> _About this task_
Every line of the data below must be output exactly, with images left out.

> _Source data_
───
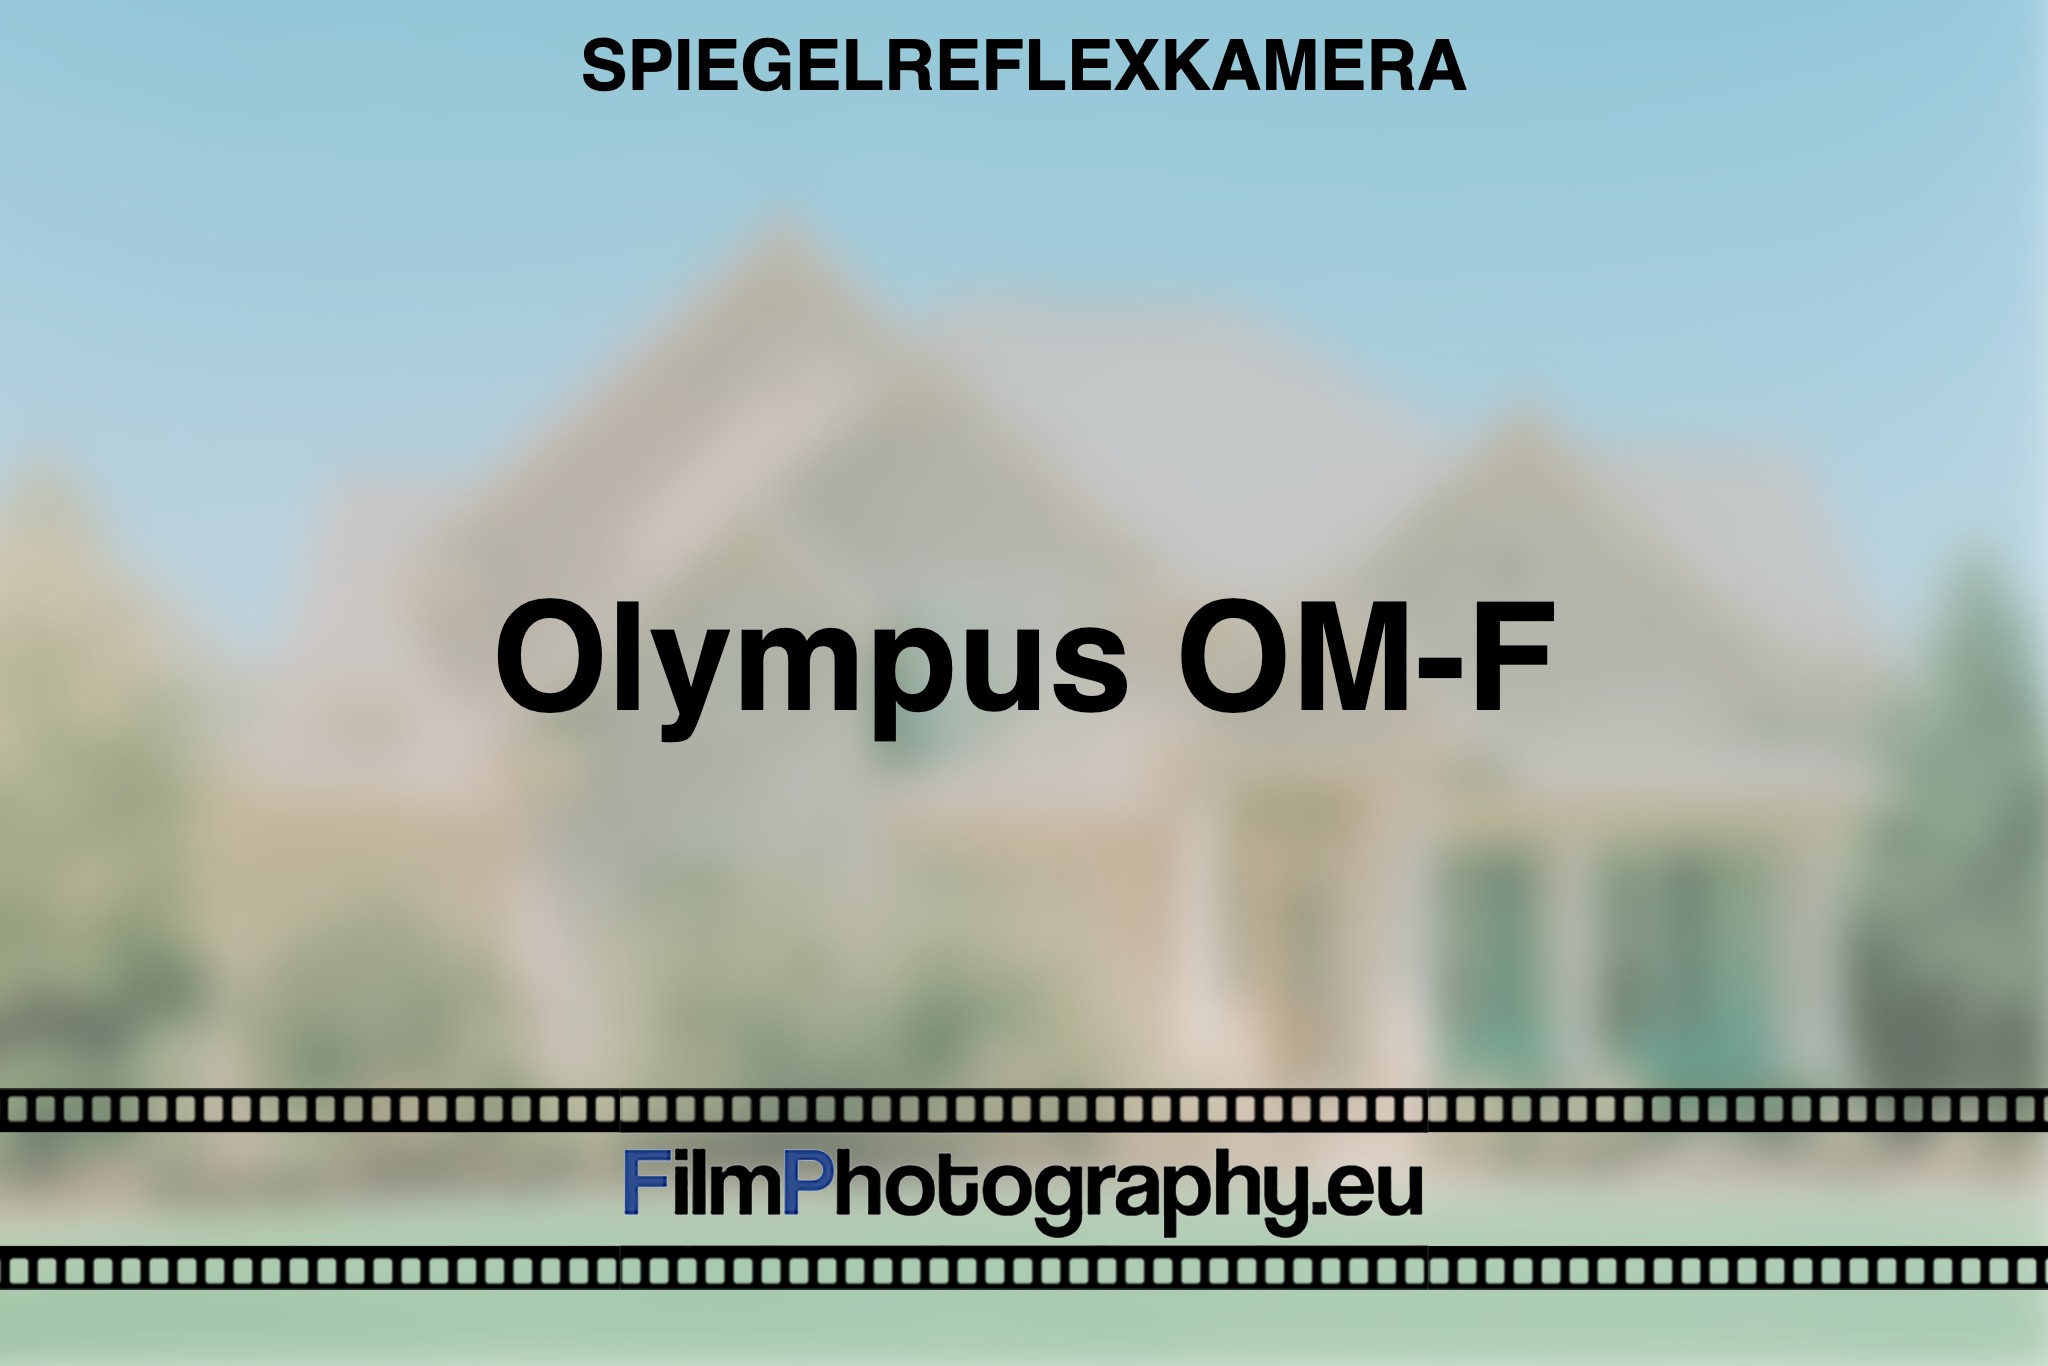 olympus-om-f-spiegelreflexkamera-bnv
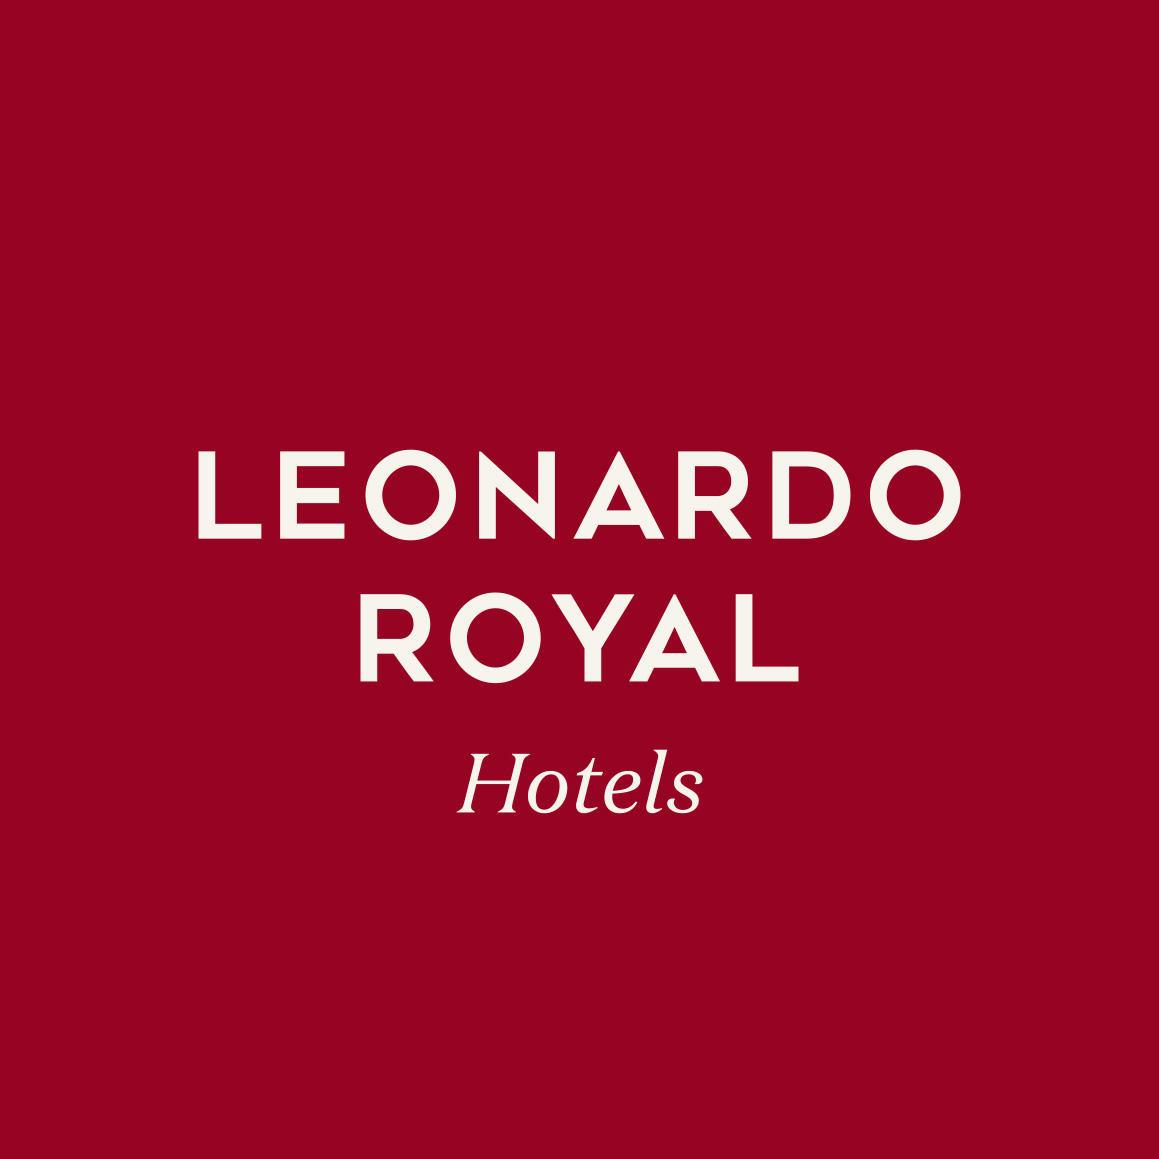 Leonardo Royal Hotel Edinburgh - Edinburgh, Midlothian EH1 1DH - 01312 003300 | ShowMeLocal.com
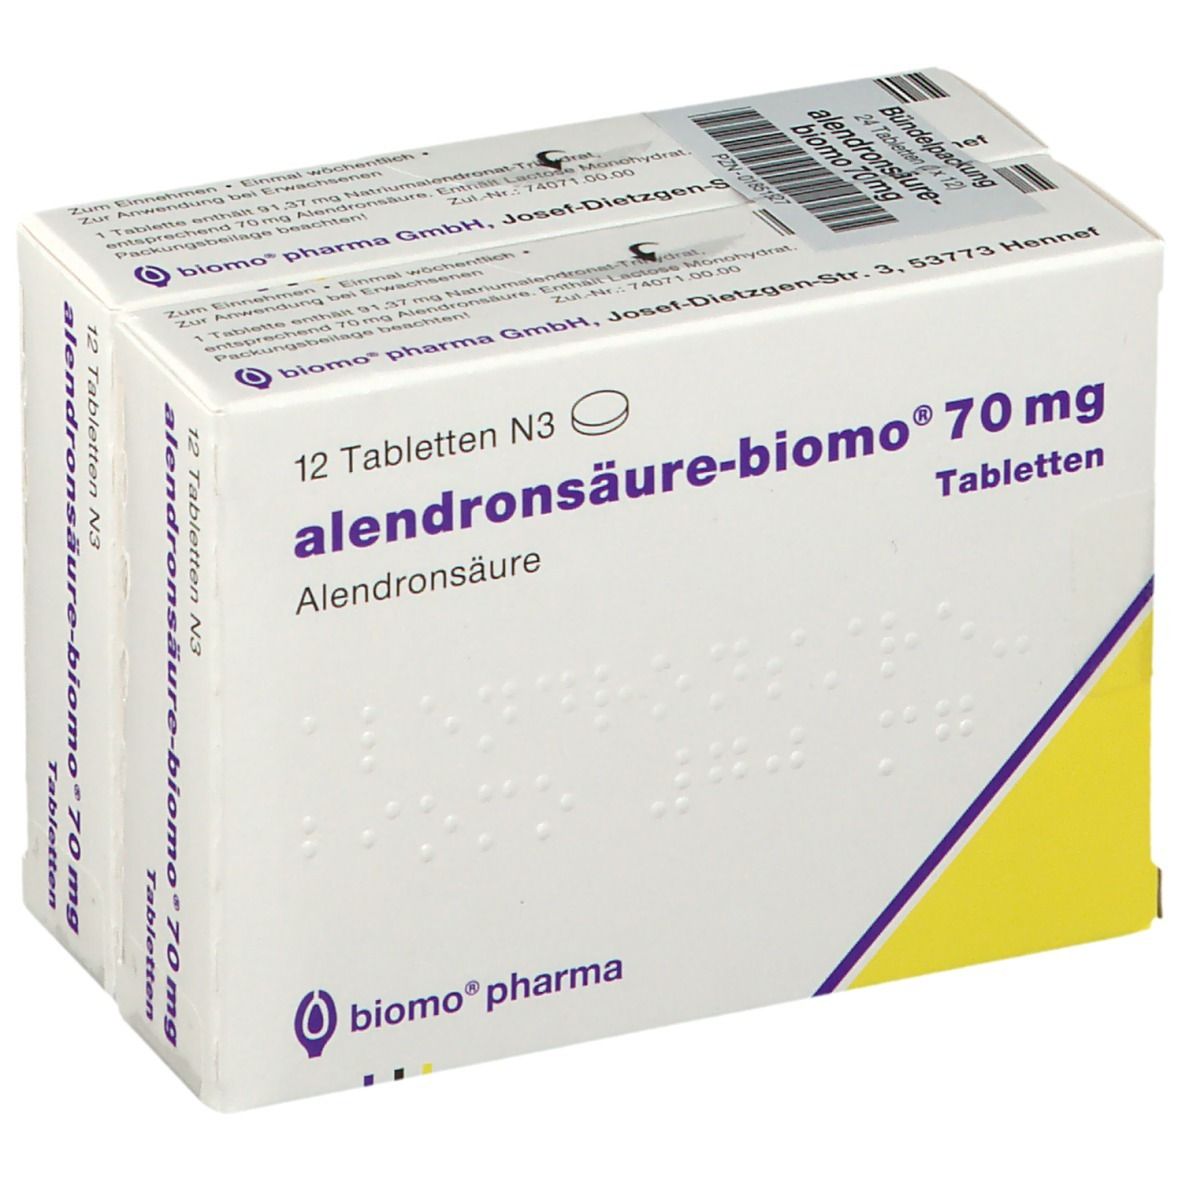 alendronsäure-biomo® 70 mg
───
> _Result_
 olympus-om-f-spiegelreflexkamera-bnv
 Leonardo Royal Hotel Edinburgh - Edinburgh, Midlothian EH1 1DH - 01312 003300 | ShowMeLocal.com
 alendronsäure-biomo® 70 mg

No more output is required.